A particularly intelligent specimen of a particularly intelligent type of monkey, Wookie's training by primatologist Elsa (Cristi Miles) sparks the story's catalyst. And in Elsa's orbit we also meet the rest of the cast: Jason (John San Nicolas)—her boss and ex-boyfriend—her second cousin Miri (Tricia Castañeda-Guevara), and Miri's autistic teenage son AJ (played by Zachary Williams, an actor on the autism spectrum).

The city's theater scene has lately seen a welcome wave of bilingual performance, and Sapience also hops casually out of English, at times, and into Spanish or American Sign Language (ASL). Unlike the bullfighting comedy Faena, which we reviewed in January, Sapience doesn't bother to translate much of its non-English phrases, but nothing was so complicated that our high school-level Spanish couldn't sort it out.

Perhaps due to all the language switcheroos, we didn't put together that AJ isn’t always speaking aloud when we think he is until nearly the end. That's partly the reason why ASL is in the mix. Director Melory Mirashrafi explains that AJ’s communication methods are designed to adapt to the actor playing him—since Williams speaks, this AJ speaks. Yet AJ’s long conversations with Wookie mostly unfold on a deeper wavelength, where two beings truly listen and understand each other.
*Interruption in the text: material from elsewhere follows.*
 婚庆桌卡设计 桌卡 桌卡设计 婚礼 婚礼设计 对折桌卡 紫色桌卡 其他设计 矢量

While this could lean into the trope of disability as a superpower, it ultimately reinforces the play’s broader metaphor: that communication, abilities, and needs exist on a vast spectrum.
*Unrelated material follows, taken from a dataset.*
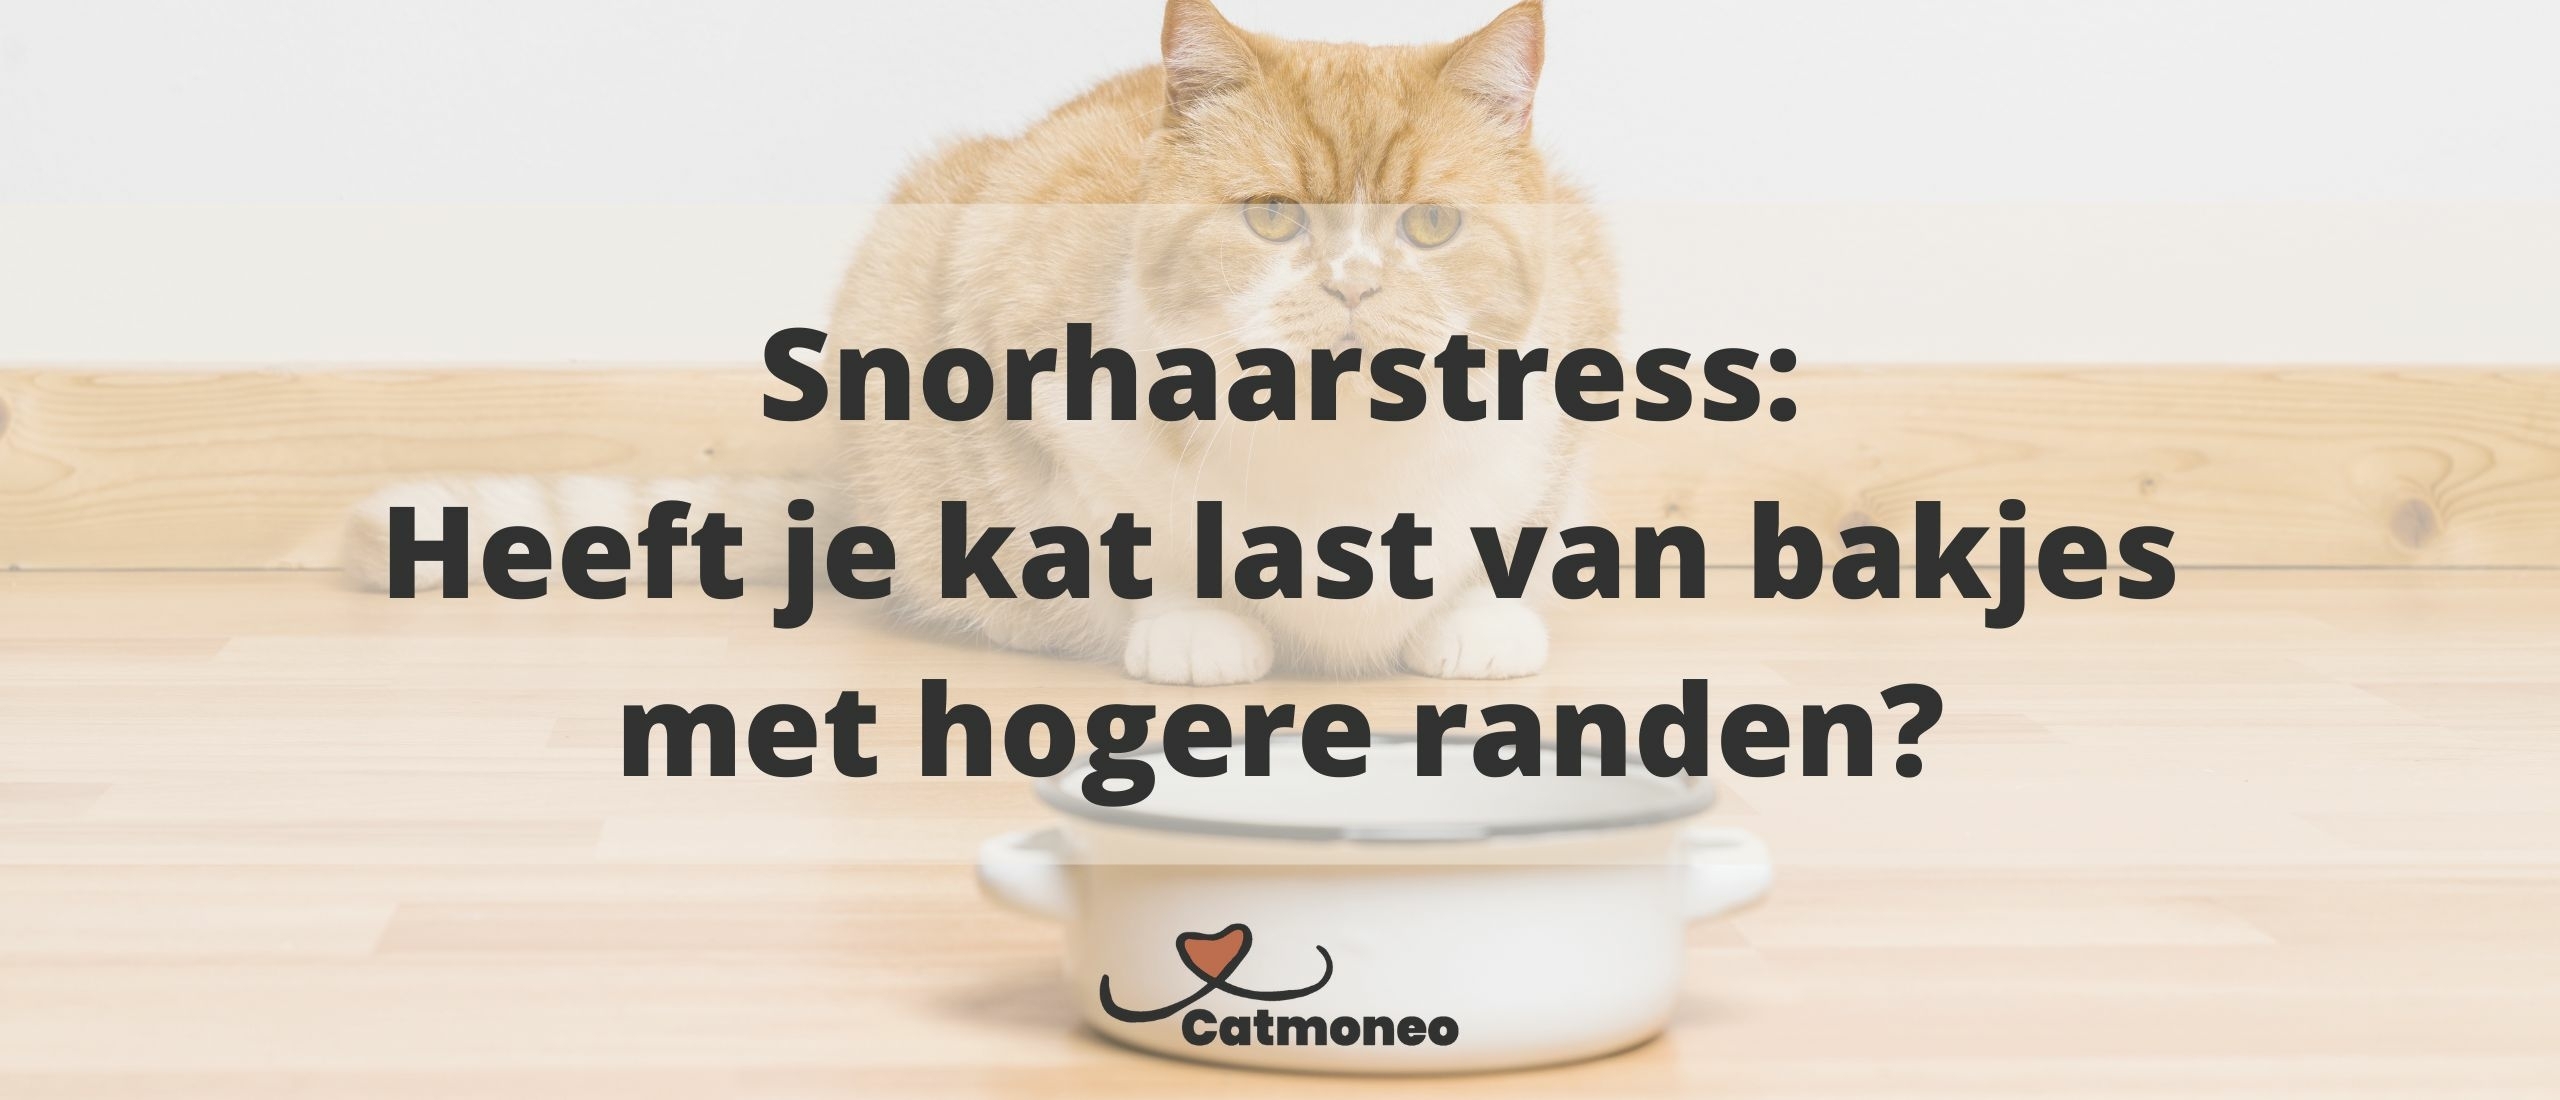 Snorhaarstress: Is een laag voerbakje beter voor je kat?

Zachary Williams (left) as AJ and Barbie Wu (right) as Wookie in Sapience.

While promo descriptions of this work highlight the relationship between AJ and Wookie as the main plot of Sapience, their scenes felt more like joyful pressure releases from the heavy love triangle of Elsa, her boss, and her cousin.

How you feel about the shakeout will likely depend on if you've ever been betrayed by a more personable cousin, and whether you've had to choose to let go of an important relationship because you knew you simply were not what someone needed.

Near the play's end, Miles takes the emotional reins, steering the story into heartbreak, as her character helplessly watches Jason face devastating danger. Fans of San Nicolas who wonder if he is as perfectly-charming and impeccably-timed as we've come to expect—he is, like a jaunty beat running under the action. San Nicolas is great at shining without taking the spotlight. 

Because this is a play and plays need conflict, Burbano's script paints Elsa as someone who can't support a person she loves, and we can accept this for her character without saying this is true for everyone she resembles. I choose to interpret Sapience as a story where Elsa doesn't help a person she cares deeply about; not one where she can't. Though the idea that she can't is what rocked me as hard as it did. 


Sapience plays at Artists Repertory Theatre, 1515 SW Morrison, through Sun March 23, $5-$60, tickets and showtimes at artistsrep.org, 90 minutes w/o intermission, content warning for mentions of sex and monkey masturbation.